Highest Growth Rates
So in summary, what a property investor should be looking for is just the opposite:
· significant coal, oil, gas, minerals, forest and land resources
· relatively young population or balanced population
· small population compared to resources (land, oil, gas, coal, metals, water)
· business that does not rely on low cost airline travel
· healthy birth rate and increasing population
· rank relatively high in low cost manufacturing
· rank relatively high in banking and financial services
· low cost labour and not so high social-retirement cost (large working populations)
This is why we like:
· UK (London and southern England)
As western governments increase taxes on the wealth as the wave of socialist governments sweeps through – expect very wealthy very high net worth individuals to establish bases in low tax countries and havens. More small niche and high growth companies will establish HQs in these tax havens as well. The differential between rich and poor is not likely to reduce. The net affect of higher taxation will only be that the very wealthy will set up in these tax havens. This has started to happen as taxes in the UK and USA have risen in recent years. And surprise, surprise, the property prices in the tax havens has been rising whilst in the high taxed countries they have been dropping. So below is a list of the tax havens:
· Jersey and Guernsey
· Isle of Man
London: London is also an international tax haven, though it has lost much of it’s attractiveness for non domiciles in the last few years. For UK citizens though, the recent tax hike to 50% from April 2010 for high earning employees (wages, bonuses, share options) may well lead some UK financiers, hedge fund managers and wealthy small businessmen to set up in one of the above tax locations. It’s difficult to predict whether this will have a seriously detrimental effect on prime central London property prices – we rather think it will not because of other international money coming into the UK because the UK is a relatively safe haven and good base for wealthy international business people (African, Middle Eastern, Asian and Russian). But it’s difficult to say with any certainty.

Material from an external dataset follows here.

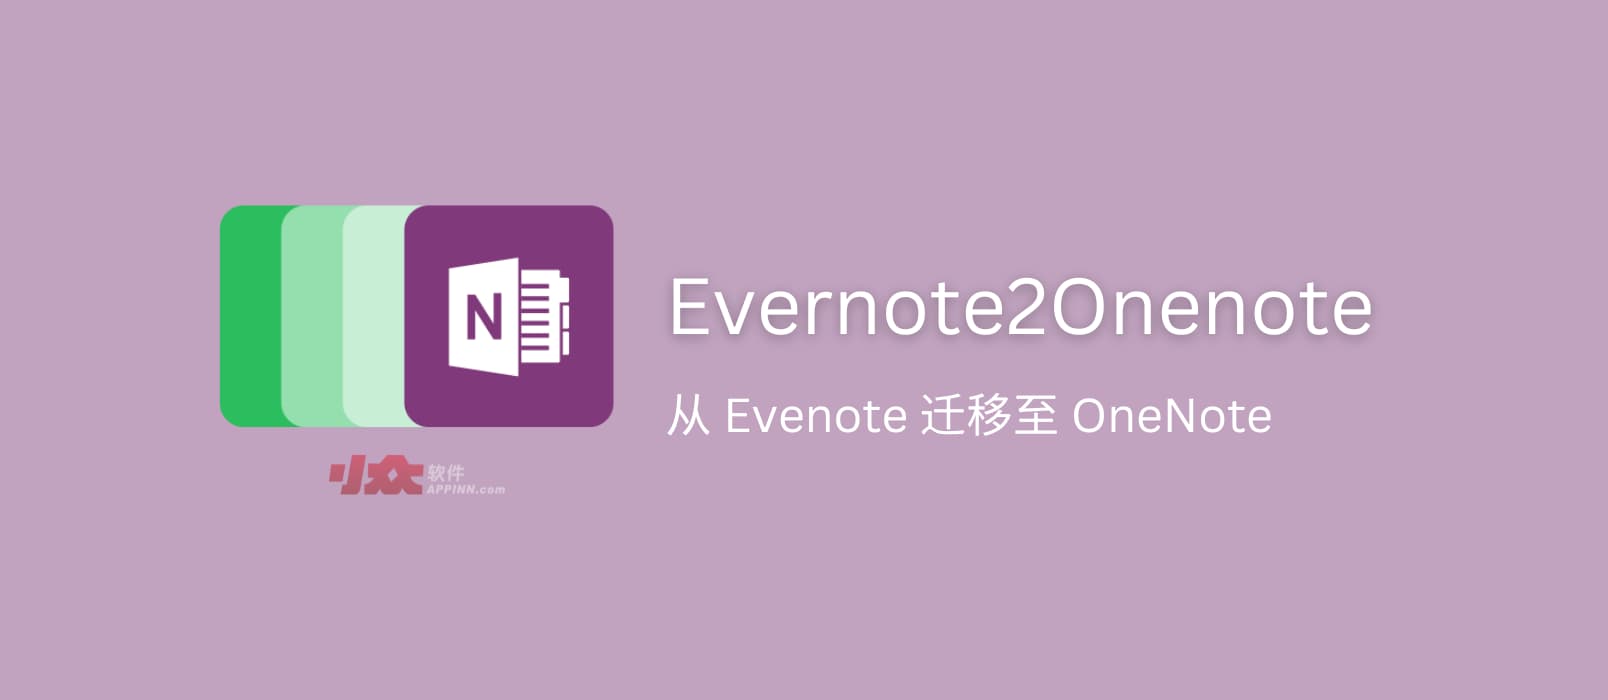  Evernote2Onenote - 将笔记从 Evenote 迁移至 OneNote

We hope you have found this Special Report of interest. Please ask yourself – “does it make sense” – we have tried to be as common sense and objective as possible. You probably won’t read this type of material in a popular newspaper or magazine. We are attempting to say it how it is and how it could be – rather than print what one would necessarily want to hear. And remember, we present these views for the benefit of property investors and other investors that are interested in making higher significantly investment returns on an individual basis – for individual entrepreneurs.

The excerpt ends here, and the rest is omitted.